*** Opening DATA EXTRACT ***

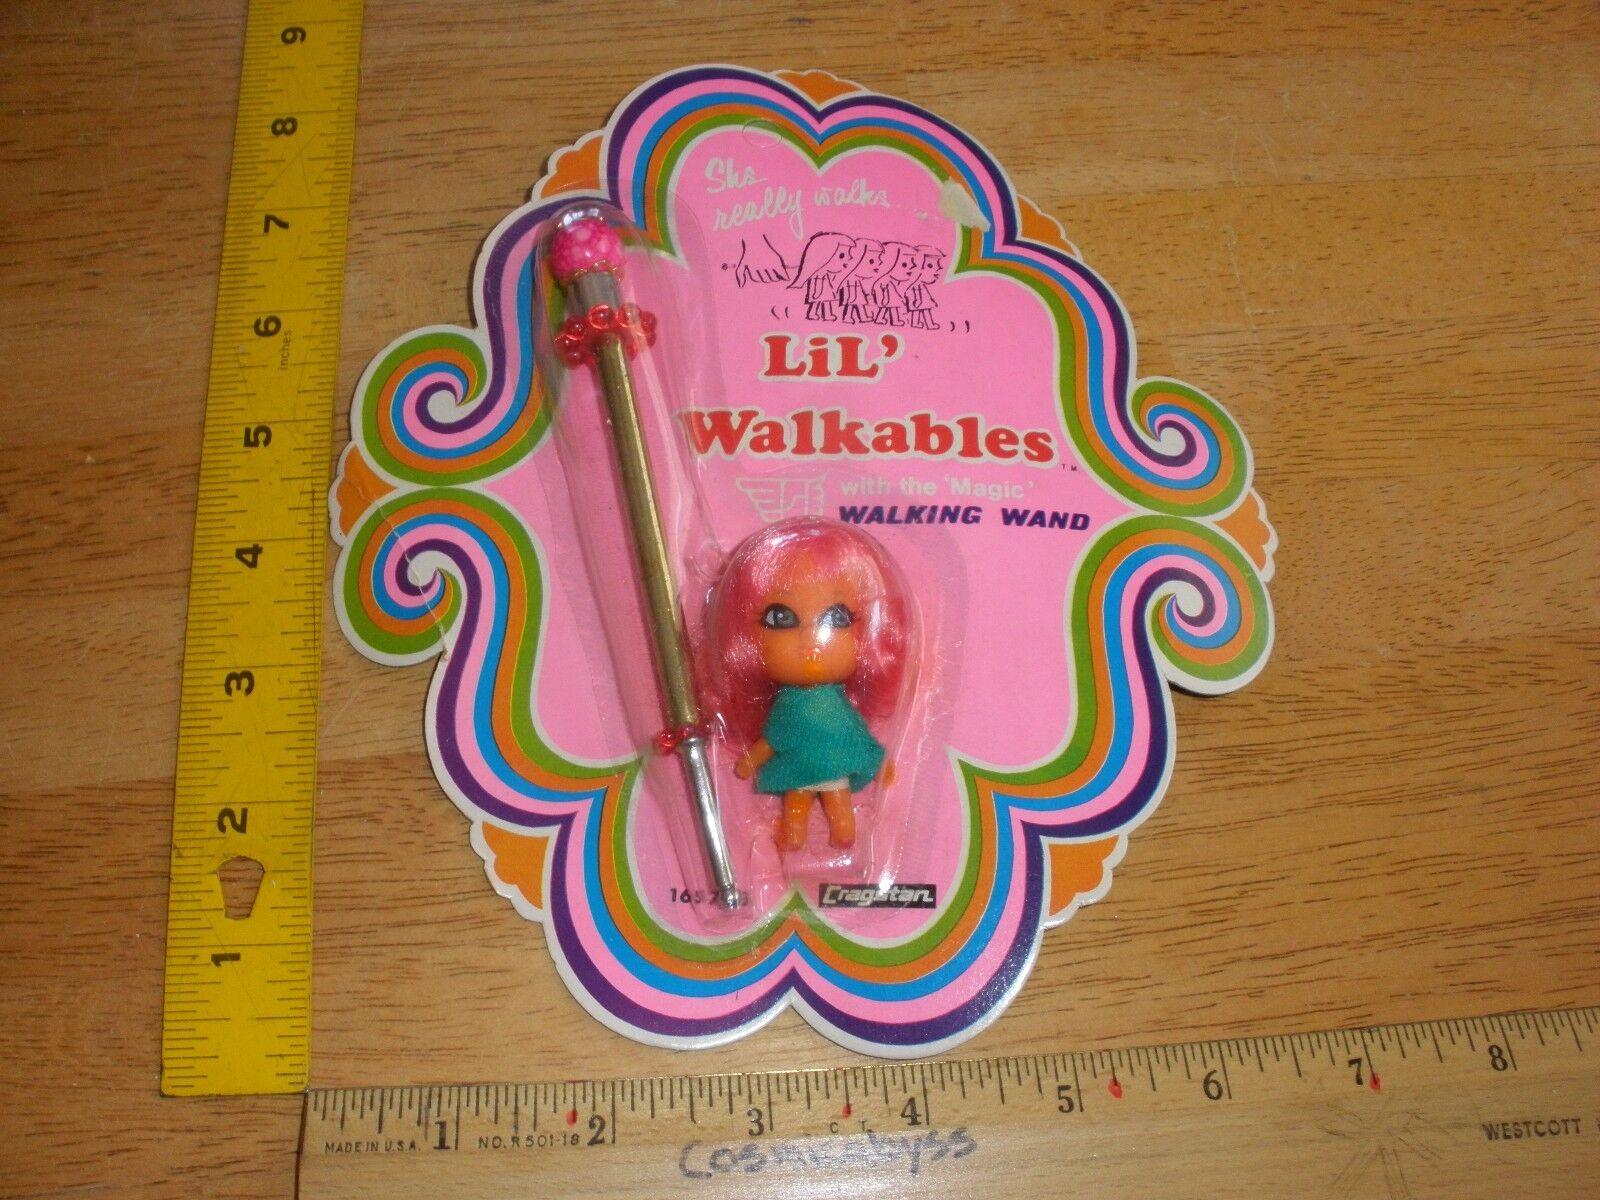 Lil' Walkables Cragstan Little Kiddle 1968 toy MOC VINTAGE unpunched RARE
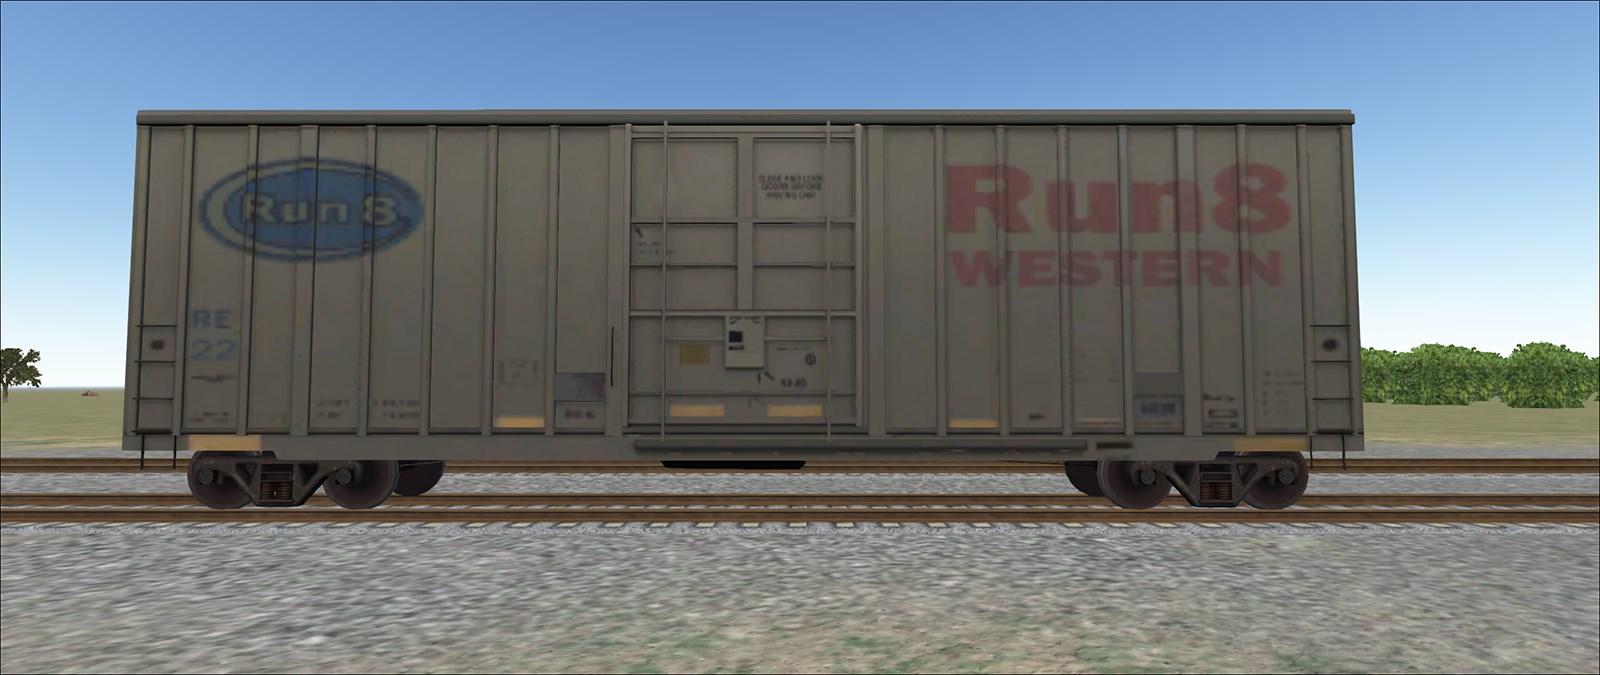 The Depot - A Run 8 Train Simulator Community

*** Closing DATA EXTRACT ***
*** Opening DATA EXTRACT ***

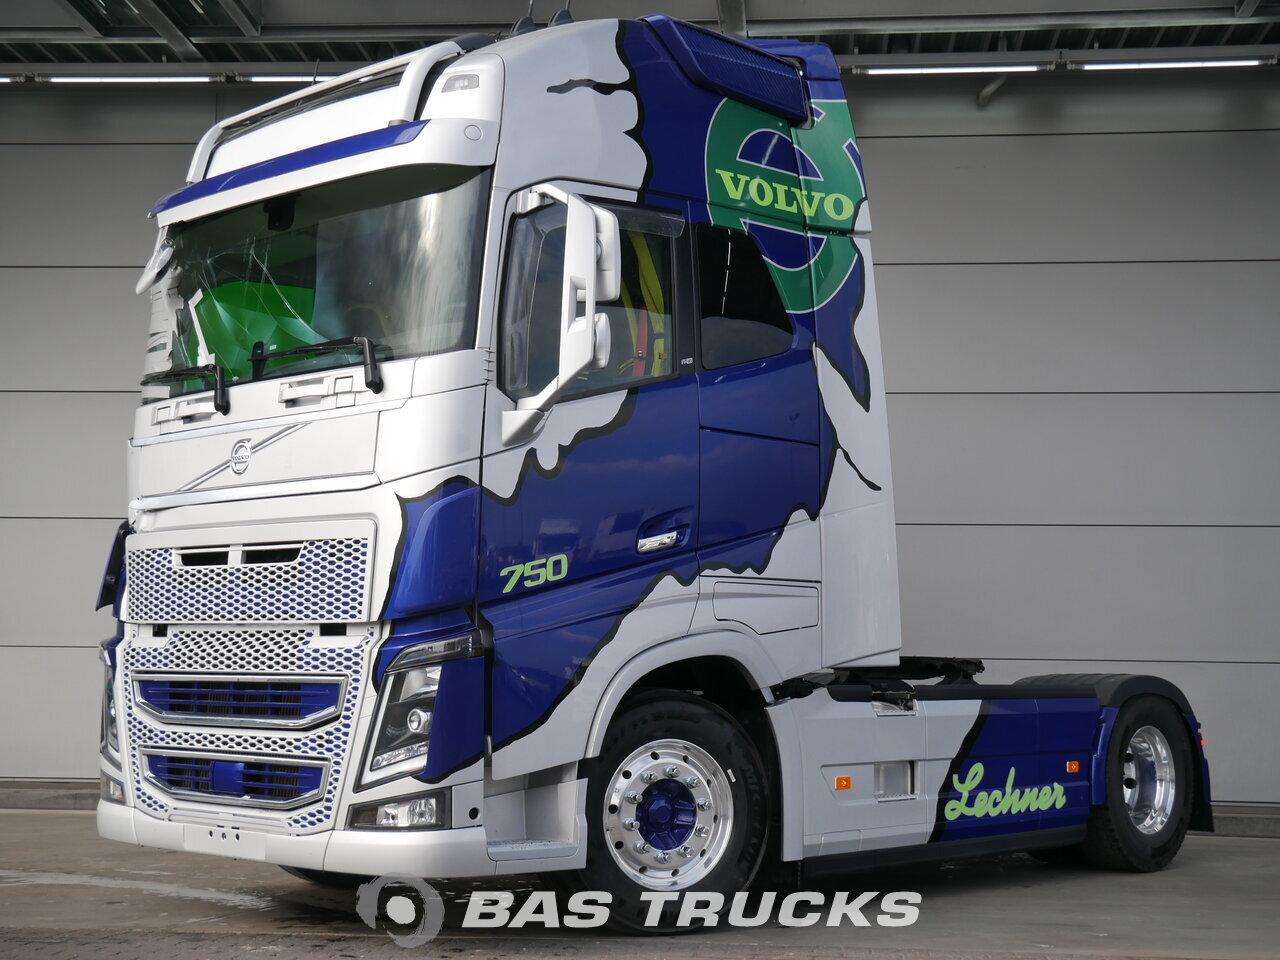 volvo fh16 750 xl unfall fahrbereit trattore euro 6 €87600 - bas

*** Closing DATA EXTRACT ***

TASK BRIEF> Using the entries above, transcribe every line from the line containing "Lil' Walkables Cragstan" through the line containing "The Depot - A". Do not copy pictures.

ANSWER>
 Lil' Walkables Cragstan Little Kiddle 1968 toy MOC VINTAGE unpunched RARE
 The Depot - A Run 8 Train Simulator Community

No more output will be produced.